>>>>

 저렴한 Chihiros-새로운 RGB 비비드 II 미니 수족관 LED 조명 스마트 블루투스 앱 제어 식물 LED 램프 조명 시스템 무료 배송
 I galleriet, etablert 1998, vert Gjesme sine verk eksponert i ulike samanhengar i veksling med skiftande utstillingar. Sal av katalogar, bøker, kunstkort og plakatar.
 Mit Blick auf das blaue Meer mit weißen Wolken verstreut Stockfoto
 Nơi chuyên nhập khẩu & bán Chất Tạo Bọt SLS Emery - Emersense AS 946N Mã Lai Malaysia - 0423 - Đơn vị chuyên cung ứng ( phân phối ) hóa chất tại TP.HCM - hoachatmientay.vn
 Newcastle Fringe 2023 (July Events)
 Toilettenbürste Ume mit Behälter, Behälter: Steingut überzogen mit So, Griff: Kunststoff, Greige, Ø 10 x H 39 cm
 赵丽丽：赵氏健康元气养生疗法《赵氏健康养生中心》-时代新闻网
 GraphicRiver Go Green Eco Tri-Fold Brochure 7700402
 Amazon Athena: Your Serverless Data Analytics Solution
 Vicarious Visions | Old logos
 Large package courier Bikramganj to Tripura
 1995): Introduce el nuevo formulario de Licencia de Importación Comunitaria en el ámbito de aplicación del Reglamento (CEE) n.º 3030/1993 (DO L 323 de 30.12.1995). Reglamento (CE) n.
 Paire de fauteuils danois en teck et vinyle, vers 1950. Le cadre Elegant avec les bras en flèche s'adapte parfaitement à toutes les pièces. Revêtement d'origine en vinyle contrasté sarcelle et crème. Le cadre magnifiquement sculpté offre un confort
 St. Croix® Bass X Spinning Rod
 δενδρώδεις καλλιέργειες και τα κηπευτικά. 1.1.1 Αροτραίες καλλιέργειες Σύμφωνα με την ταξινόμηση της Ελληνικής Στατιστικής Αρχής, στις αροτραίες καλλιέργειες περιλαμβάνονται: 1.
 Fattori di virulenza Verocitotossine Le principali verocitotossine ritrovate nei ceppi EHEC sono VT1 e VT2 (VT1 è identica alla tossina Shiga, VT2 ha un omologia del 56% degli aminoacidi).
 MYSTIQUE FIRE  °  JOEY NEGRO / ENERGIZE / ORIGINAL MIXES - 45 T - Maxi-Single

<<<<

> **REQUIRED WORK**
Exactly and exclusively, repeat the lines from the line that contains "Vicarious Visions | Old logos" through the end of the records, both ends included.

> **RESPONSE BELOW**
 Vicarious Visions | Old logos
 Large package courier Bikramganj to Tripura
 1995): Introduce el nuevo formulario de Licencia de Importación Comunitaria en el ámbito de aplicación del Reglamento (CEE) n.º 3030/1993 (DO L 323 de 30.12.1995). Reglamento (CE) n.
 Paire de fauteuils danois en teck et vinyle, vers 1950. Le cadre Elegant avec les bras en flèche s'adapte parfaitement à toutes les pièces. Revêtement d'origine en vinyle contrasté sarcelle et crème. Le cadre magnifiquement sculpté offre un confort
 St. Croix® Bass X Spinning Rod
 δενδρώδεις καλλιέργειες και τα κηπευτικά. 1.1.1 Αροτραίες καλλιέργειες Σύμφωνα με την ταξινόμηση της Ελληνικής Στατιστικής Αρχής, στις αροτραίες καλλιέργειες περιλαμβάνονται: 1.
 Fattori di virulenza Verocitotossine Le principali verocitotossine ritrovate nei ceppi EHEC sono VT1 e VT2 (VT1 è identica alla tossina Shiga, VT2 ha un omologia del 56% degli aminoacidi).
 MYSTIQUE FIRE  °  JOEY NEGRO / ENERGIZE / ORIGINAL MIXES - 45 T - Maxi-Single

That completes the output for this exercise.